All uuid columns below use the native Postgres uuid column type.

Have a lookup table where the uuid (uuid type 4 - so as random as can feasibly be) is the primary key. Regularly pull sequence of rows, say 10,000 from this lookup table.

Then, wish to use that set of uuid's retrieved from the lookup table to query other tables, typically two others, using the UUID's just retrieved. The UUID's in the other tables (tables A and B) are not primary keys. UUID columns in other tables A and B have UNIQUE constraints (btree indices).

Currently not doing this merging using a JOIN of any kind, just simple:

  1. Query lookup table, get uuids.
  2. Query table A using uuids from (1)
  3. Query table B using uuids from (1)

The issue is that queries (2) and (3) are surprisingly slow. So for around 4000 rows in tables A and B, particularly table A, around 30-50 seconds typically. Table A has around 60M rows.

Dealing with just table A, when using EXPLAIN ANALYZE, reports as doing an "Index Scan" on the uuid column in column A, with an Index Cond in the EXPLAIN ANALYZE output.

I've experiment with various WHERE clauses:

  • uuid = ANY ('{
  • uuid = ANY(VALUES('
  • uuid ='uuid1' OR uuid='uuid2' etc ....

And experimented with btree (distinct), hash index table A on uuid, btree and hash index.

By far the fastest (which is still relatively slow) is: btree and use of "ANY ('{" in the WHERE clause.

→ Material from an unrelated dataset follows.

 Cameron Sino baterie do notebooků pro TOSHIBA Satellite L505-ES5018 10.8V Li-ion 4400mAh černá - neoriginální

Various opinions I've read:

  • Actually doing a proper JOIN e.g. LEFT OUTER JOIN across the three tables.
  • That the use of uuid type 4 is the problem, it being a randomly generated id, as opposed to a sequence based id.
  • Possibly experimenting with work_mem.

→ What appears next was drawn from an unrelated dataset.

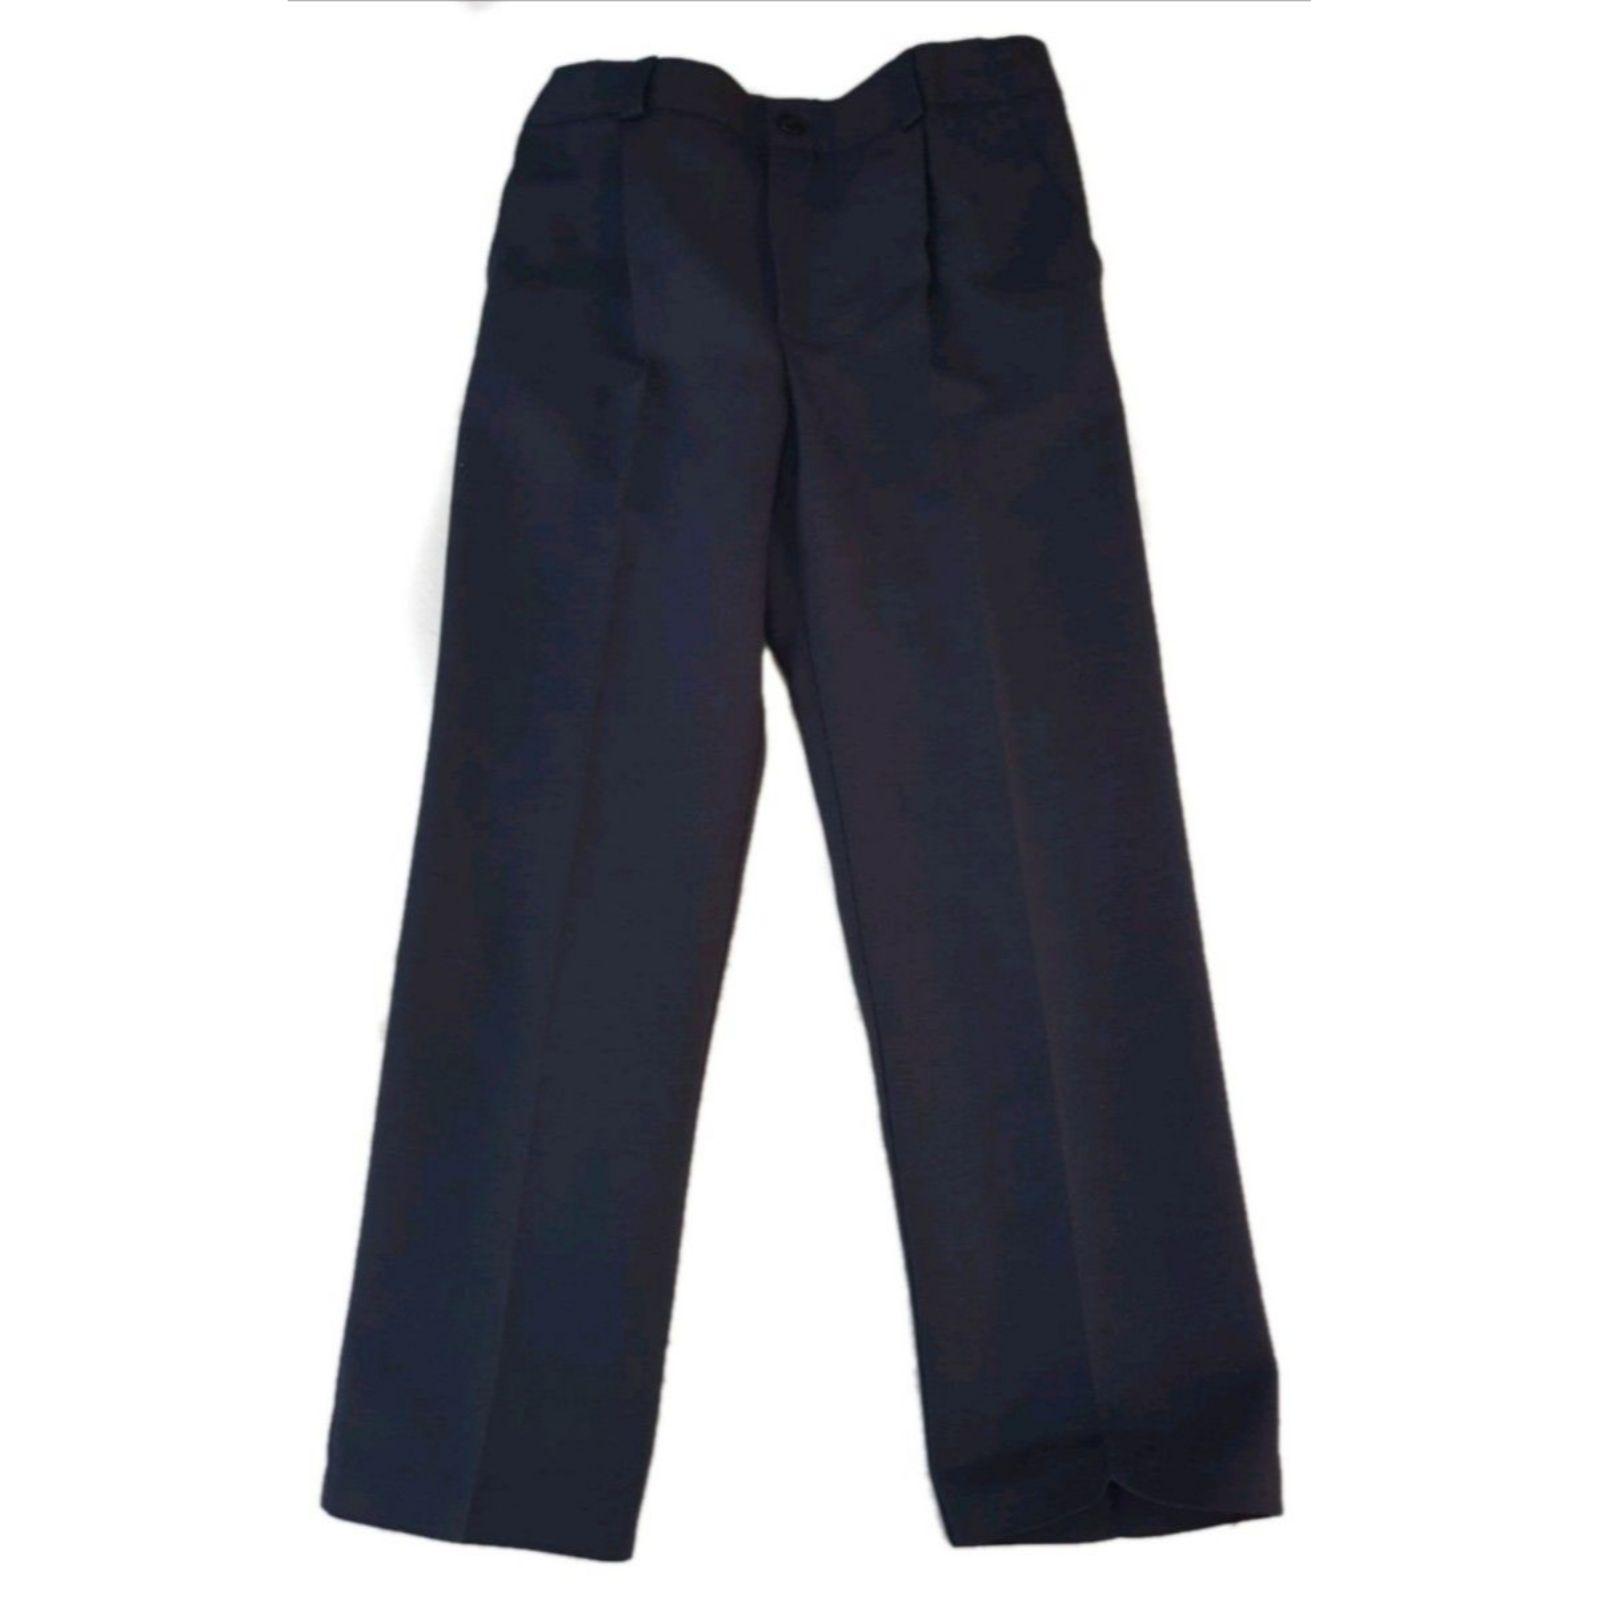 Pantaloni uniformă școlară – set două bucăți 1

Anyway. Wondered if anyone else had any other suggestions?

Table: "lookup"

uuid: type uuid. not null. plain storage.
datetime_stamp: type bigint. not null. plain storage.
harvest_date_stamp: type bigint. not null. plain storage.
state: type smallint. not null. plain storage.

Indexes:
    "lookup_pkey" PRIMARY KEY, btree (uuid)
    "lookup_32ff3898" btree (datetime_stamp)
    "lookup_6c8369bc" btree (harvest_date_stamp)
    "lookup_9ed39e2e" btree (state)
Has OIDs: no

Table: "article_data"`

int: type integer. not null default nextval('article_data_id_seq'::regclass). plain storage.
title: text.
text: text.
insertion_date: date
harvest_date: timestamp with time zone.
uuid: uuid.

Indexes:
    "article_data_pkey" PRIMARY KEY, btree (id)
    "article_data_uuid_key" UNIQUE CONSTRAINT, btree (uuid)
Has OIDs: no

Both lookup and article_data have around 65m rows. Two queries:

SELECT uuid FROM lookup WHERE state = 200 LIMIT 4000;
OUTPUT FROM EXPLAIN (ANALYZE, BUFFERS):  
 Limit  (cost=0.00..4661.02 rows=4000 width=16) (actual time=0.009..1.036 rows=4000 loops=1)  
   Buffers: shared hit=42  
   ->  Seq Scan on lookup  (cost=0.00..1482857.00 rows=1272559 width=16) (actual time=0.008..0.777 rows=4000 loops=1)  
         Filter: (state = 200)  
         Rows Removed by Filter: 410  
         Buffers: shared hit=42  
 Total runtime: 1.196 ms  
(7 rows)  

Question: Why does this do a sequence scan and not an index scan when there is a btree on state?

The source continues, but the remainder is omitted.